Istanbul’s KRANK Art Gallery is currently hosting artist Sena Başöz's solo exhibition "A Consolation," which will be open to visitors through Oct. 31. The show questions the consequences of accumulated stories and knowledge that leak through the linear narratives of human lives and do not fit into an institutional structure.

Time flows so fast, and the idea of an end is fast approaching us. In his book "Learning to Die in the Anthropocene: Reflections on the End of a Civilization," Roy Scranton suggests that the only thing that could save humanity in the Anthropocene, the period referring to the past two centuries of increased human impact on the environment, is our memory.

Addressing healing processes on the basis of the care, self-regeneration and long-term balancing of nature, Başöz, therefore, perceives archiving as showing care for our memory. She believes that editing narratives from an archive invigorates the archive and becomes a practice that creates continuity between life and death.

A video installation by Sena Başöz at the exhibition.
According to the artist, it takes time and effort to revive an archive by creating narratives from it. Some institutional archives can be handled with care and attention. But what happens to the personal archives, stories and knowledge that do not fit into the institutional structure? This question appeared in Başöz's mind when she worked with an institutional archive last year. She was questioning what we can hide in the face of an end, death.

"A Consolation" came at a time when the artist worked closely with this institutional archive of memory space while reviewing her personal archives of photographs, written and visual materials at her home at the same time. The artist focuses on the lack of resources to pen personal archives and accumulation of knowledge that do not fit in the institutional structure in the narrative. She asks the question, "Can personal narratives and knowledge that are lost, destroyed, torn apart, forgotten or mixed because they are too accumulated be revived as part of a whole?"

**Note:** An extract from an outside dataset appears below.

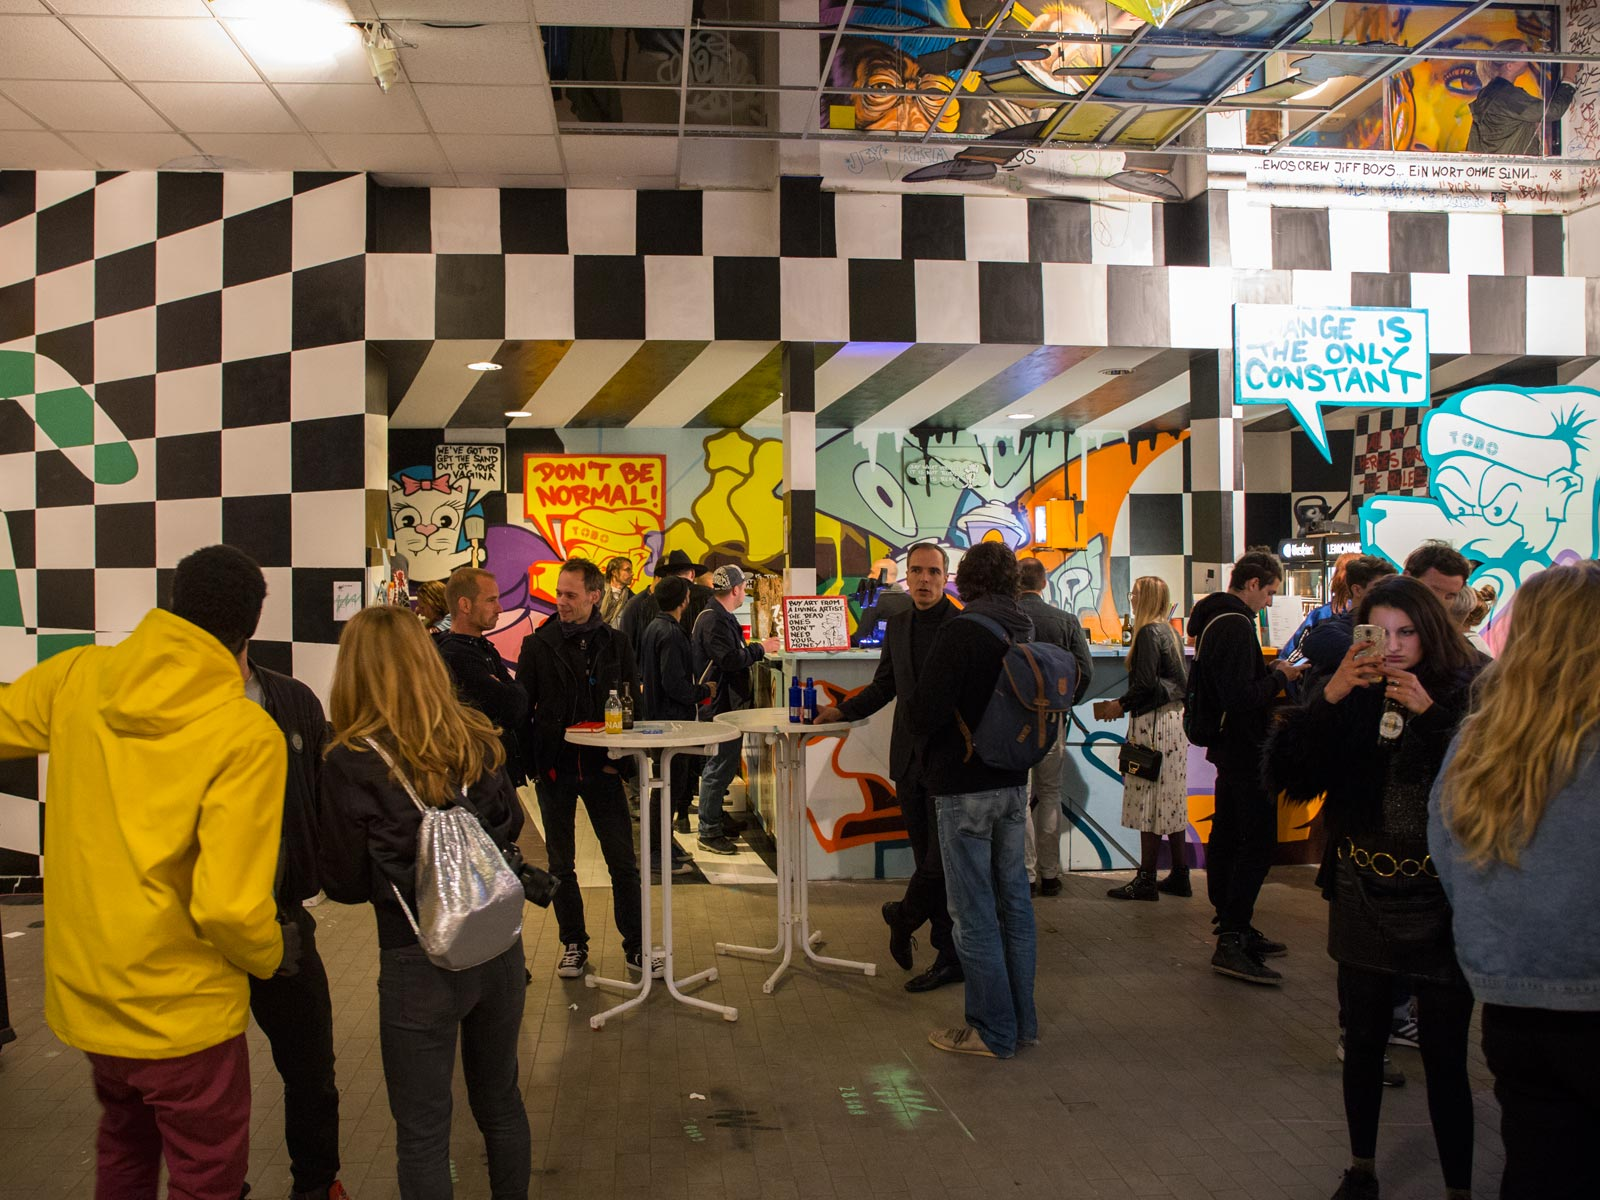 Raumgestaltung wandelism Bar Aerosolikz Tobo Party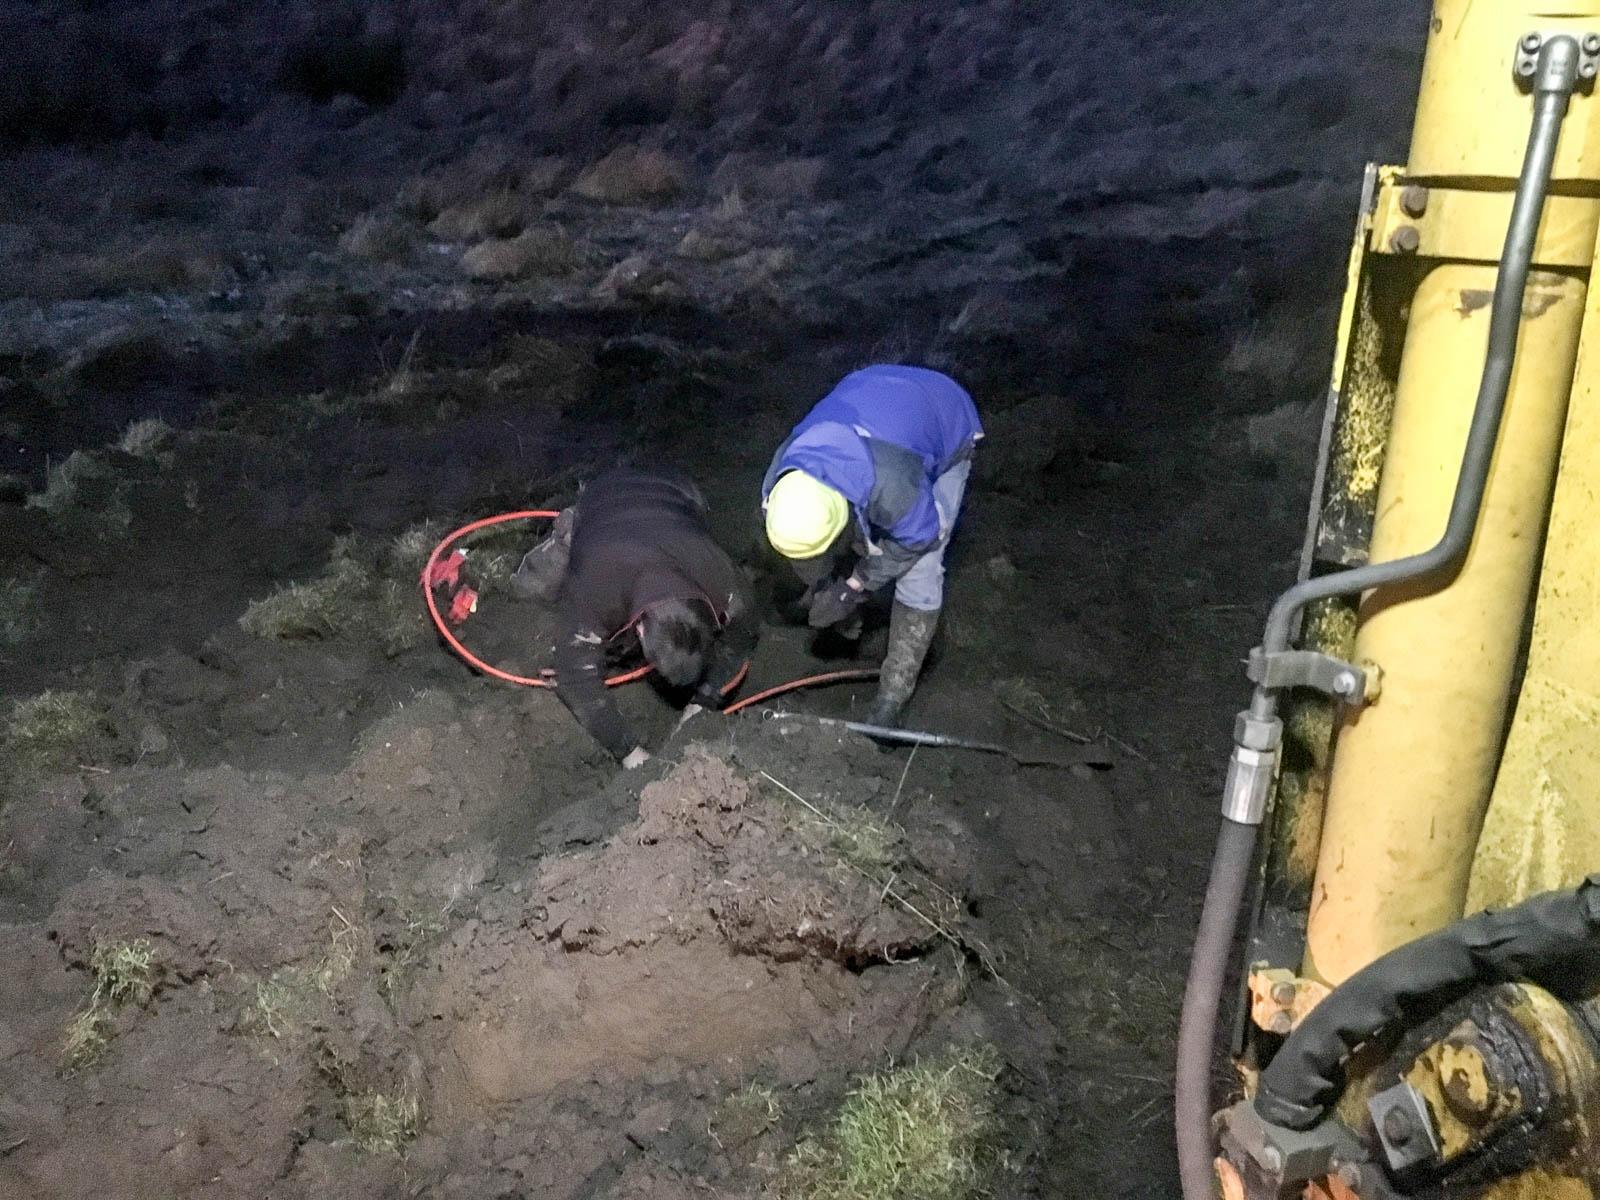 Dedication - digging in the dark

The exhibition is named after Roman statesman Marcus Tullius Cicero's lost work "Consolatio," which he wrote to ease his pain after the death of his daughter. Başöz addresses the connections between life and death by using life forms and extensions that are dispersed and fragmented in nature in the exhibit.

Sena Başöz, "Ayçerçeveli" ("Moonframe").

In the exhibit, the video called "The Box" triggers opposing phenomena such as hiding and revealing, holding and releasing, and life and death. Another video installation that takes over the floor of the exhibition space centers on Posidonia oceanica, a species of algae native to the Mediterranean Sea. The artist thinks of the cycles of information and memory that pile up in individual archives on the axis of the cycles of this moss that oscillate together in an underwater meadow and then disperse, form piles on beaches and then turn into compost. The installation is accompanied by photographs taken from the document destruction machine, which formally resembles Posidonia oceanica, as well as collages made of moss, hair and bird feathers.

Başöz continues her research on the conditions and methods of animating an institutional archive for her performance named "Slalom," which she started to develop within the Delfina Foundation Residency Program in London.

"A Consolation" consists of the artist's works on personal archives that have developed in parallel with her work on reinvigorating institutional archives as dealing with an archive is, after all, always about the future for her. Adapting the past and future allows us to understand where we stand today.